Siete seduti al bar a parlare con gli amici dell’ultima canzone di un cantante che vi piace o delle vacanze che vorreste fare in Brasile; poi vi alzate, salutate e quando riprendete in mano il telefono, visitando un sito o scorrendo i post sui social, notate una pubblicità del prossimo concerto di quel cantante e, subito dopo, quello di una compagnia aerea che fa sconti per i voli verso Rio de Janeiro. Vi è mai capitato di vivere qualcosa di analogo? Probabilmente sì.
Situazioni come queste accendono il dibattito sulla privacy e sull’ascolto attivo dei nostri dispositivi, soprattutto perché alcune coincidenze sono così precise da far pensare che qualcuno possa effettivamente captare ciò che diciamo per condizionare le scelte d’acquisto.
Il caso CMG. Ma quanto c’è di vero in questa ipotesi? In effetti, il timore che i nostri smartphone possano ascoltare le conversazioni private non è solo frutto della fantasia, ma si basa sull’esistenza di tecnologie semplici, unite alla diffusione di pratiche di marketing sempre più invasive. Negli Stati Uniti, ha recentemente fatto scalpore il caso di Cox Media Group (CMG), azienda finita al centro del dibattito perché aveva presentato ai suoi clienti – i giganti dell’informatica Google, Amazon e Facebook – soluzioni pubblicitarie per fornire annunci personalizzati basate sull’ascolto in tempo reale delle conversazioni.
L’idea era proprio quella di raccogliere dati vocali con cui identificare bisogni e preferenze degli utenti e poi proporre pubblicità mirate e offerte specifiche, ovviamente lasciando fare il lavoro a un software di Intelligenza Artificiale. Le critiche non si sono fatte attendere, rafforzando le preoccupazioni sulla violazione della privacy e portando la stessa azienda a fare marcia indietro.
Ascolto attivo. La funzione proposta da CMG si chiama “Active Listening“ e la sua esistenza è stata portata alla luce da un’inchiesta giornalistica effettuata dalla giovane testata indipendente 404 Media, fondata nel 2023 da un gruppo di ex dipendenti di Vice.
La società ha dovuto ritrattare le proprie affermazioni dopo la pubblicazione di alcuni “pitch deck” (presentazioni aziendali) inerenti l’offerta, in cui si leggono frasi del tipo “Con Active Listening, CMG può ora usare i dati vocali per indirizzare la tua pubblicità esattamente alle persone che stai cercando” oppure “Immagina un mondo […] in cui nessun mormorio pre-acquisto rimane inascoltato e i sussurri dei consumatori diventano uno strumento per indirizzare, ritargettizzare e conquistare il tuo mercato locale“.

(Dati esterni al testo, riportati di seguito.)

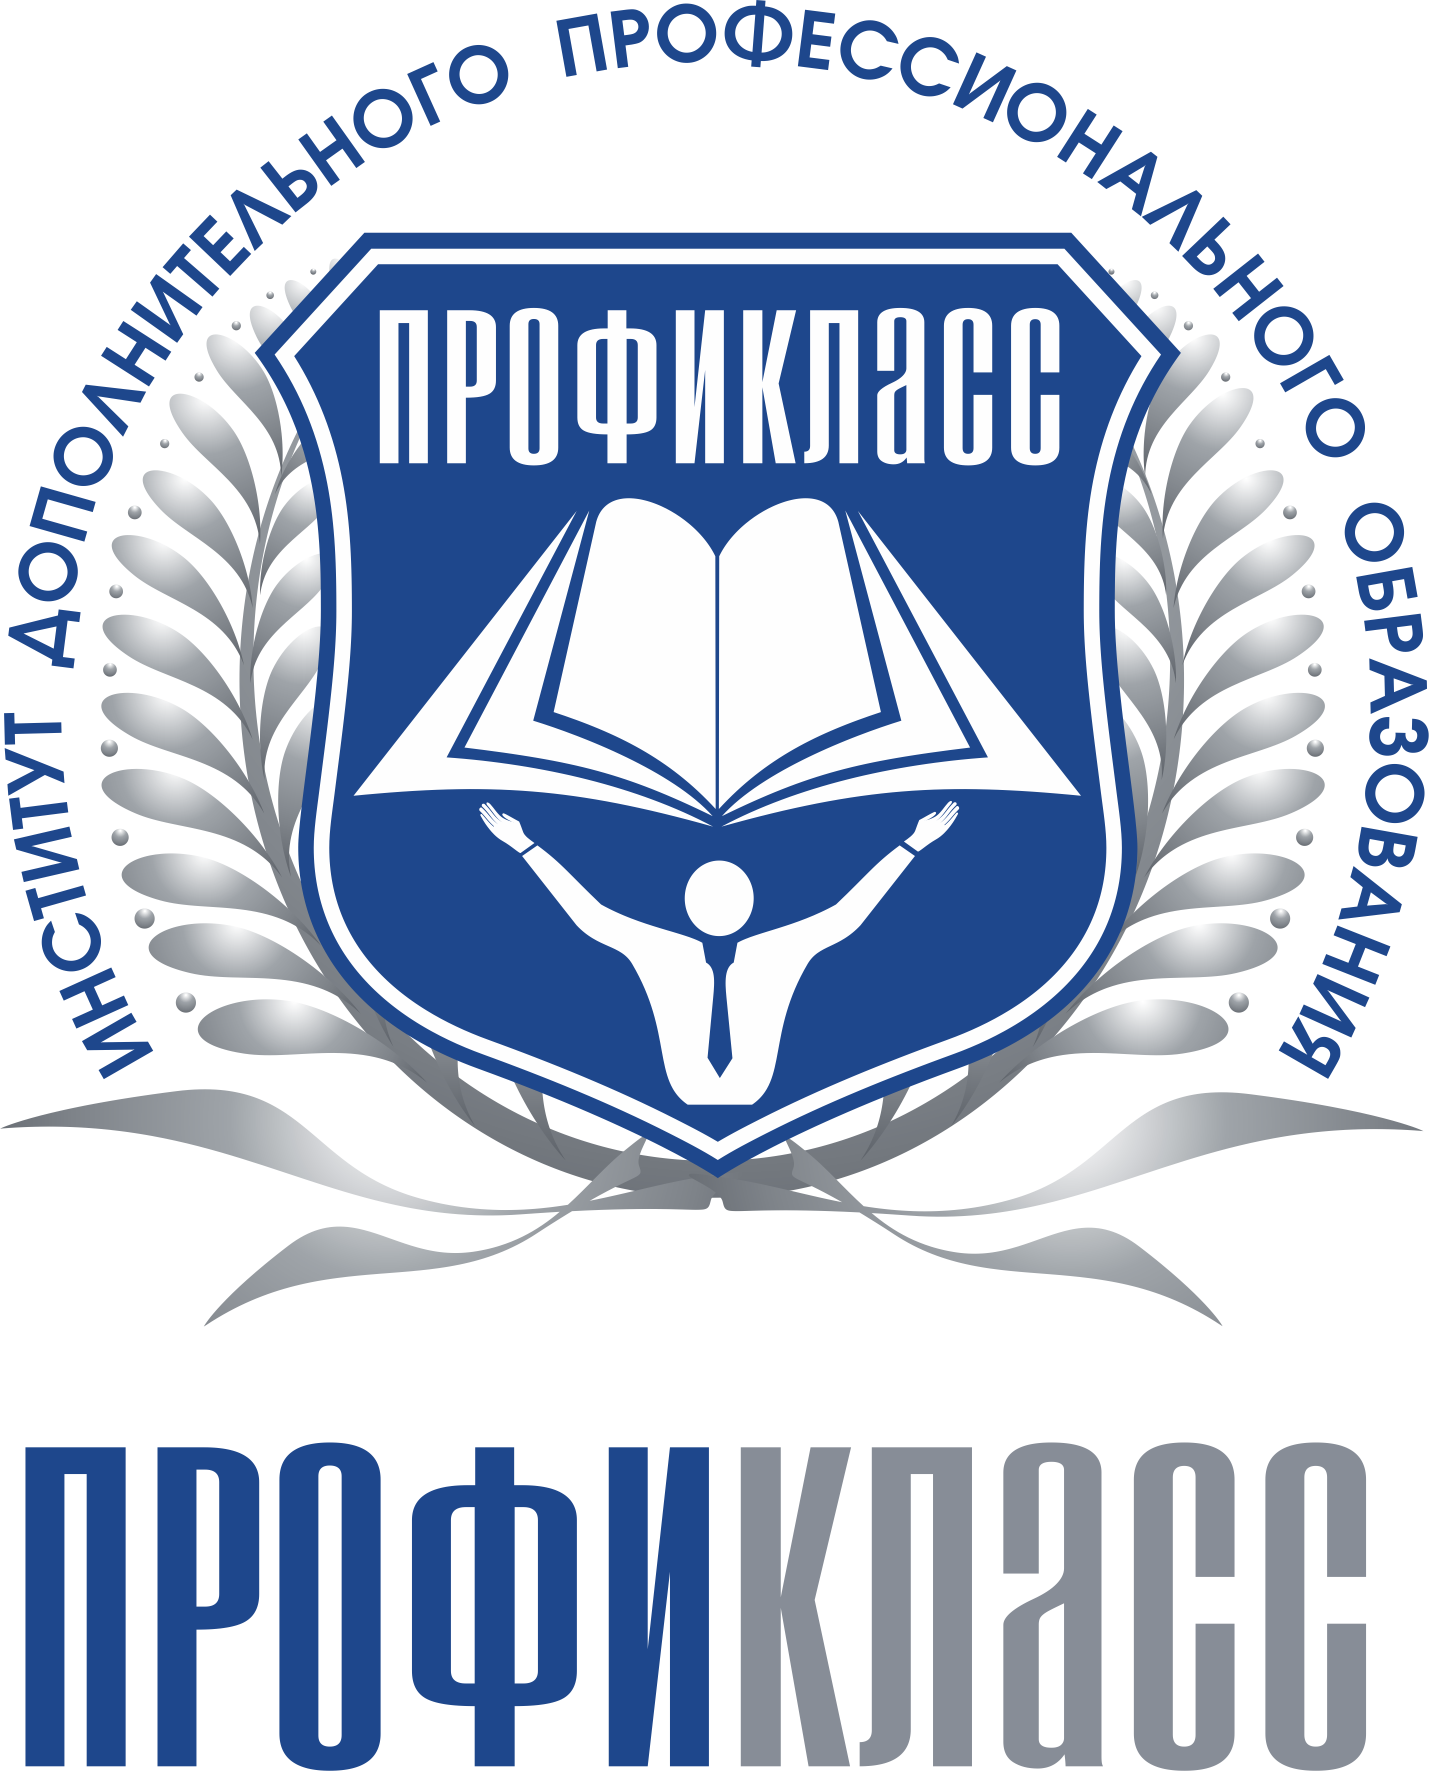 Институт дополнительного профессионального образования «Профикласс» - Город Зеленоград logo png.png

Marcia indietro. CMG ha chiarito che il servizio non prevede un vero e proprio ascolto delle conversazioni in diretta, ma piuttosto l’utilizzo di dati provenienti da terze parti, riaggregati e resi anonimi. Nonostante la precisazione, Google si è affrettata a comunicare di aver rimosso CMG dalla lista dei suoi partner commerciali, mentre Amazon e Facebook hanno specificato di non essere coinvolte in alcun modo nel programma, sottolineando che le loro piattaforme rispettano stringenti criteri di privacy e non prevedono l’ascolto non autorizzato.
L’illusione di ascolto. E allora come mai a tutti è capitato di provare la sensazione di essere spiati dal proprio dispositivo? Parte della risposta risiede in un fenomeno psicologico noto come “illusione di frequenza” o effetto Baader-Meinhof. Quando ci focalizziamo su un argomento o su un prodotto, infatti, diventiamo subito più attenti alla sua presenza, notandolo più di altri. Inoltre, il nostro cervello tende a notare solo le coincidenze più evidenti, lasciando in secondo piano tutte le altre.
Il ruolo degli algoritmi. Questi due aspetti psicologici, combinati ai sofisticati algoritmi che analizzano i nostri comportamenti online, contribuiscono a creare l’illusione che i nostri telefonini sappiano sempre ciò di cui abbiamo bisogno. Ma c’è da aggiungere un ulteriore aspetto: più che l’ascolto diretto, a essere monitorata è l’attività che svogliamo costantemente sul web, e con la nostra complicità. D’altra parte, questo è ciò che avviene quando accettiamo le condizioni proposte da siti e app, talvolta senza neanche leggerle.